Hello Community!
This will be a non-Veeam post today, but I thought it would be worthwhile to share about a vSphere network issue I encountered recently, and the steps I took to resolve it, in case any of you experience a similar occurrence.
PROBLEM
I had 1 ESXi Host in a Cluster which, when VMs in a certain subnet were connected to a segregated vSS and PG, there would be no network connectivity. No pings. No network connection of any kind. I use vSS and not vDS, so one might think there could be a configuration issue, rightfully so. But, I use PowerCLI to configure my Hosts, and all of them were configured using this same PCLI script, so the chances of that being the case was virtually zero. And, the other Hosts in this Cluster, when VMs were connected to the same subnet (vSS & PG), connectivity was fine. The following are some troubleshooting steps I took to try and narrow the cause down:
- Viewed first to see if the vmnic Teaming Policy in the vSS was set to ‘active’. Believe it or not, I have had it happen where my vmnic wasn’t in the active state even after being configured with my script (which does set vmnics active when assigning them to vSS PGs). As you can see below, it was all good there:
- I then SSH’d to the Host to check the link state and that was all good > all are ‘up’ and ‘up’:
- Then, things started looking a little “buggy”. Data was being received, but nothing transmitted, when looking at the nic stats:
- Even though the physical switch port is configured with a specific VLAN, but not trunked, thus meaning no VLAN ID is required in the vSS Port Group, I went ahead and configured a VLAN ID anyway; but still no connectivity.
- I disconnected the network cable from the Host and connected it to my laptop, configured an IP on my laptop in the same subnet and was able to connect to the subnet fine, so the issue potentially being cable-related or physical switch port-related was debunked. The problem had to be either the nic port itself, which I thought was very unlikely since 1. this Host is fairly new and w. was the 2nd nic port in a dual-port embedded nic card; or the issue was something going on in software (i.e. vSphere)
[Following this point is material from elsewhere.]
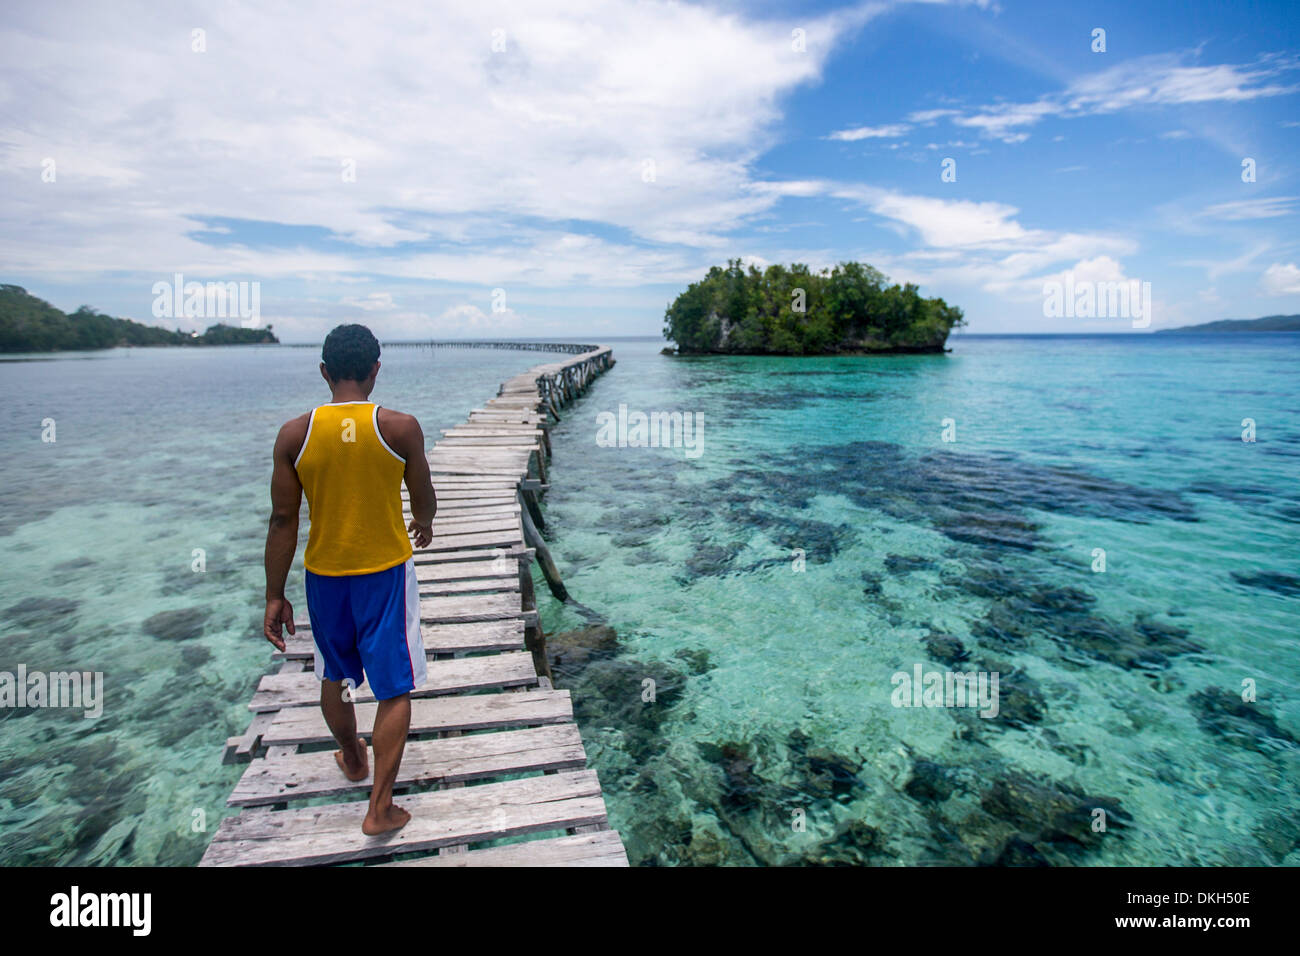 Long bridge, Togian Islands, Sulawesi, Indonesia, Southeast Asia, Asia - Stock Image

- I looked at one last area just to verify if the vmnic in question was actually being seen in vSphere as “used” in the vSS Teaming Policy. As noted in my first troubleshooting bullet item above, you can see the nic is configured for the active state, but when going to the vSS area and just “viewing the vSS settings”, the vmnic showed as ‘unused’. BINGO!
RESOLUTION
Ok, so there is a diconnect here on what is seen by the software and what is actually configured. I attempted to remove the vmnic from the vSS, then re-add it as active, but that did no good. Still showing as ‘unused’. What I ended up having to do to fully resolve this was remove the vmnic, then blow away (delete) the PG and vSS. I then re-created the vSS & PG, added the vmnic back, then voila’!...all good. I now have network connectivity for this subnet on this Host.
Hopefully this helps anyone else who may encounter this issue.
Cheers!